Special FPGA packet processing Processes may require special packeting or manipulating. Using an FPGA in one of the XMC sites, this work can be offloaded so that as little of the processing as possible is done on the SBC. For instance, images captured and coming in on gigabit ethernet may need to be overlaid. This could be done right within the FPGA, then sent back to the CPU if there is any additional processing, and then back across the bus to some other location. The Acromag XMC 6280 mezzanine card available via Acal BFi are an ideal TCP/IP offload engine with four 10GbE ports.

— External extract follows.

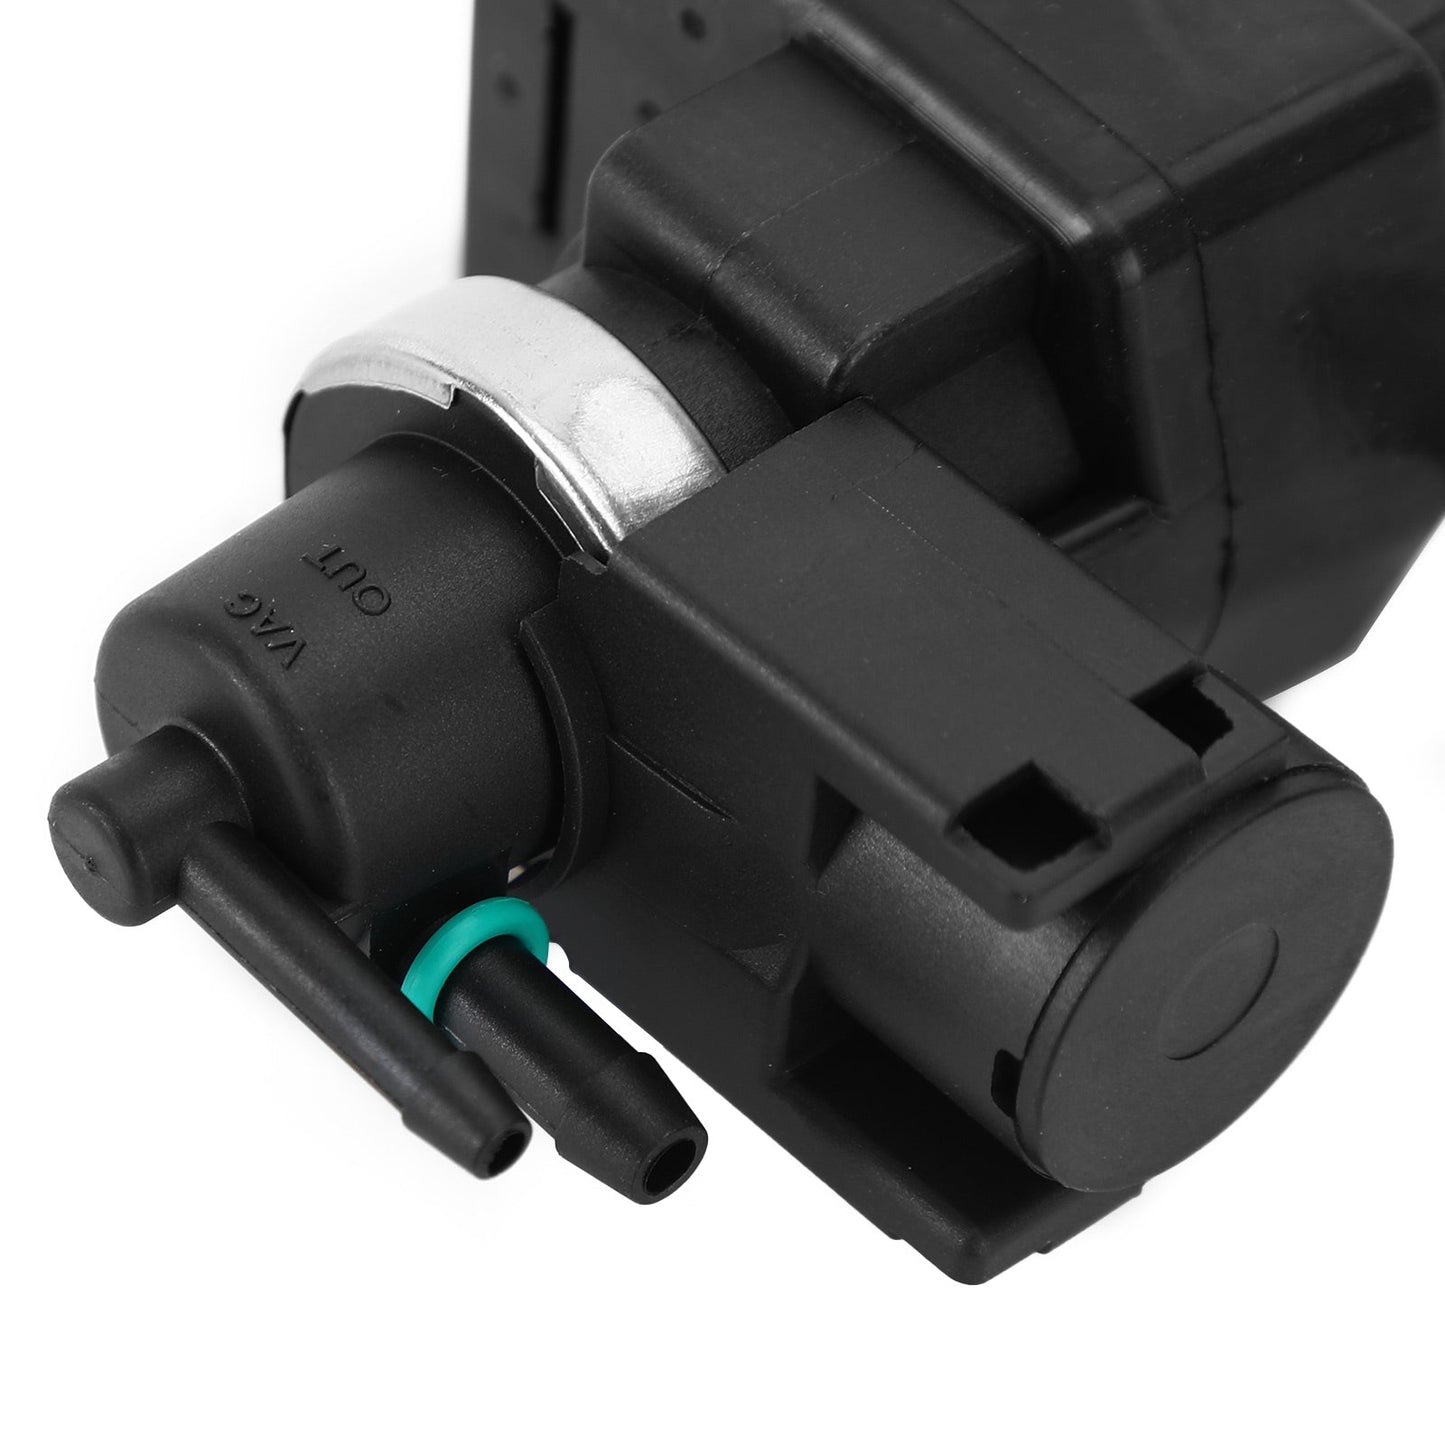 Turbolader Boost Magnetventil für Mini Cooper R56 55 57 58 59 60 11657599547

Heightened expectations for technology today The latest trend in ethernet traffic is sensors. More and more of these are being used in almost every embedded application, a typical application being situational awareness. To obtain a better understanding what is going on in the world, more data has to be captured and analysed. More data spills over into increased storage requirements and all of the systems architecture issues that go along with it, whether this is being processed or being moved from place to place. Expectations have been amplified in terms of better results, sophisticated algorithms, and faster CPUs. Technologies are continuing to move forward and engineers concentrate on using the latest technologies. Communications technology needs to meet the requirements of today, as well making it possible to keep ahead of new specification requirements as the future may dictate.